1. **Header Parsing:** Extract field metadata, compression settings
2. **Stage 2 Decompression:** LZ4/ZSTD decompression if used
3. **Stage 1 Decoding:** Field-specific decoding using appropriate decoders
4. **Point Reconstruction:** Assemble decoded fields into output pointcloud

## Key Design Decisions

### Compression Effectiveness
- **Delta encoding** exploits spatial coherence in pointclouds (nearby points have similar coordinates)
- **Varint encoding** efficiently handles small deltas (common in coherent data)
- **Quantization** removes precision beyond sensor accuracy (1-10mm for typical LiDAR)
- **SIMD processing** accelerates the most common case (XYZ coordinates)

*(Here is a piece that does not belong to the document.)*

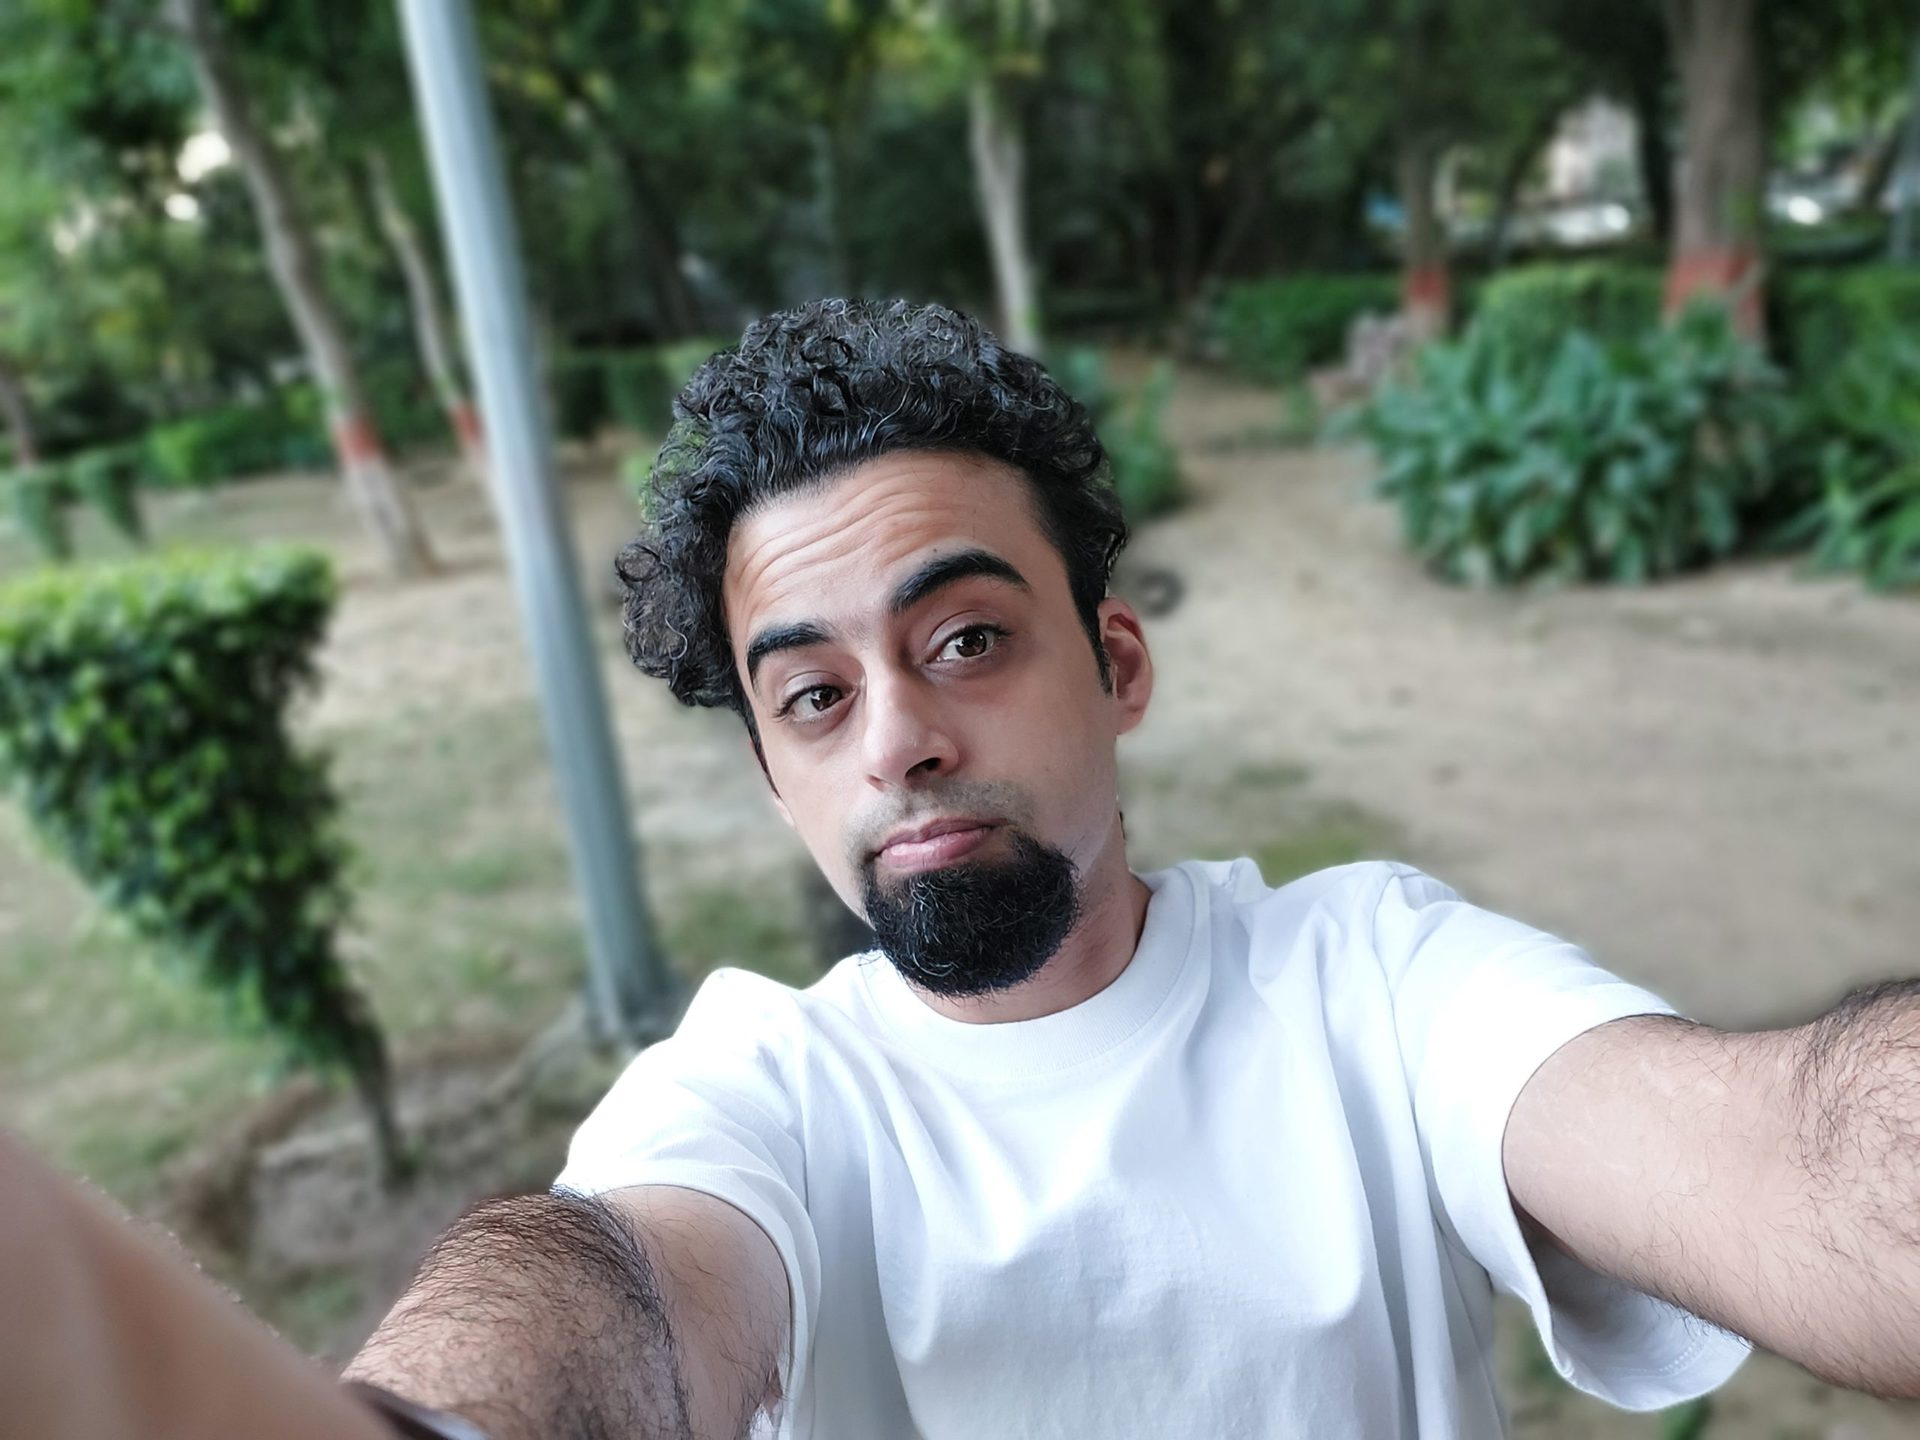 Samsung Galaxy M52 camera sample selfie ultrawide portrait of a man with dark curly hair and a beard wearing a white t-shirt outdoors

### Performance Optimizations
- **Vectorized operations** using SSE4.1 intrinsics for x86_64
- **Branch prediction hints** for common cases (no NaNs, valid data)
- **Memory layout awareness** with aligned data structures
- **Single-pass processing** with streaming interface

### Robustness
- **Magic header** with version identifier ("CLOUDINI_V02")
- **Self-describing format** with embedded field metadata
- **NaN handling** with special encoding (value 0 reserved)
- **Error checking** for compression/decompression failures

## Data Format Structure

```
[MAGIC_HEADER] [WIDTH] [HEIGHT] [POINT_STEP] [ENCODING_OPT] [COMPRESSION_OPT]
[FIELD_COUNT] [FIELD_1_METADATA] ... [FIELD_N_METADATA] [COMPRESSED_DATA]
```

## Algorithm Characteristics

- **Compression Ratio:** Typically 40-85% size reduction vs raw data
- **Speed:** Faster than LZ4/ZSTD alone due to preprocessing effectiveness
- **Precision:** Configurable quantization with recommended 1mm resolution
- **Compatibility:** Works with standard pointcloud formats (PCL, ROS)
- **Scalability:** Processes millions of points efficiently

This algorithm represents a domain-specific compression approach that leverages pointcloud data characteristics for superior performance compared to general-purpose compression alone.